The requirements: one QB, two RBs, two WRs, one TE, one K and one D/ST. You will earn fantasy points based on their on-field performance during their game, and if your player's team wins, you will have the option to carry that player over to the next round, where he will earn a bonus point modifier to his score (which will be referred to as 2x, 3x and 4x from here on out).

For example, if you pick Aaron Rodgers in the Wild Card round and the Packers win, you can carry him over to the Divisional Round, and earn two times (2x) the points he earns in his divisional round game. If Green Bay wins again, you can carry Rodgers into the Conference Championship round for 3x the points and, if the Packers make the Super Bowl, you can earn 4x the points. In addition, a user can select a player/defense in the Wild Card round even if their team has a bye into the Divisional Round. In this case, the user would not earn any points for the Wild Card round, but be eligible to earn 2x points in the Divisional round, since the player was on the teamís roster for two weekly scoring periods. Further bonus point modifiers would also apply as long as that playerís team continues to advance in the NFL Playoffs.

Before we get into the picks, let’s briefly review the rules and how we may use them to our advantage: 1) passing TDs are worth four points, so passing yards are valued more highly here than in the Fuzzy’s leagues I’ll discuss later; 2) all field goals under 50 yards are worth three points, which means we are more concerned about volume of field goals than distance – unless we can find a kicker who regularly converts from 50-plus (DraftKings does not use kickers); 3) this is a non-PPR format, which obviously favors the big-play threats (both Fuzzy's and DraftKings are PPR); and 4) team wins are worth five points, so picking a “winning” defense is worth almost a touchdown prior to factoring in the modifiers.

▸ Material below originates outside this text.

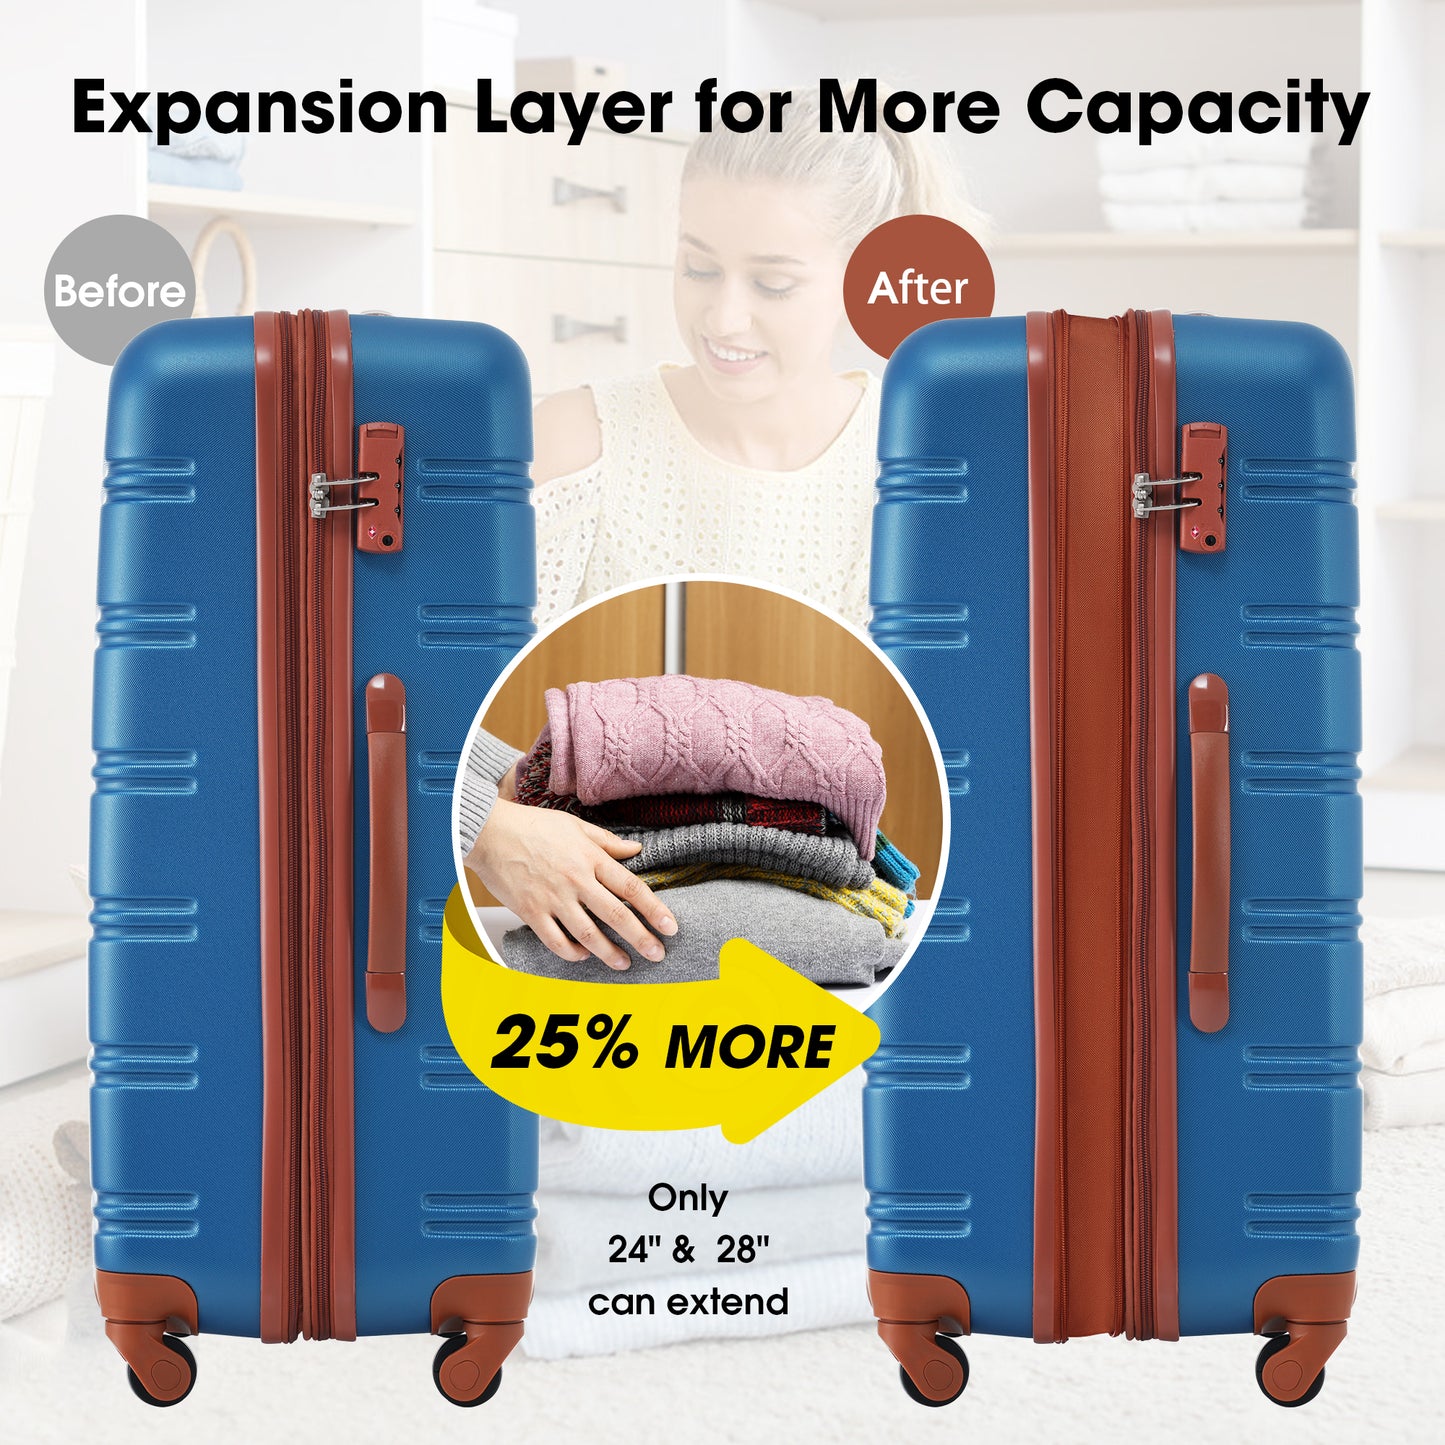 Ensemble de bagages 3 pièces bleu marine Valise rigide à roulettes avec serrure TSA 20

Let's get the No. 1 rule of this game out of the way right now: if you have a good feeling about which two teams will meet in the Super Bowl, build your lineup exclusively from players from those two teams. Most previous playoff challenge champions' lineups are made up entirely of Super Bowl participants. (In other words, it is important to project the Super Bowl entrants first and figure out what players from those teams to use second.) The multipliers are everything in this contest, so playing the week-to-week matchups is nearly meaningless. Think about it this way: if I told you that your regular-season fantasy team's scoring would double in Week 2, triple in Week 3 and quadruple in Week 4 if you simply left it the same, would it affect your draft strategy? Of course it would. The big week your team might post in the first week of this challenge - in the somewhat unlikely event you played the matchups to a tee - is going to seem rather insignificant in early February when every passing touchdown is worth 16 points and every other TD is worth 24 and the top teams in this competition are scoring 200-300 (or perhaps more) points per week.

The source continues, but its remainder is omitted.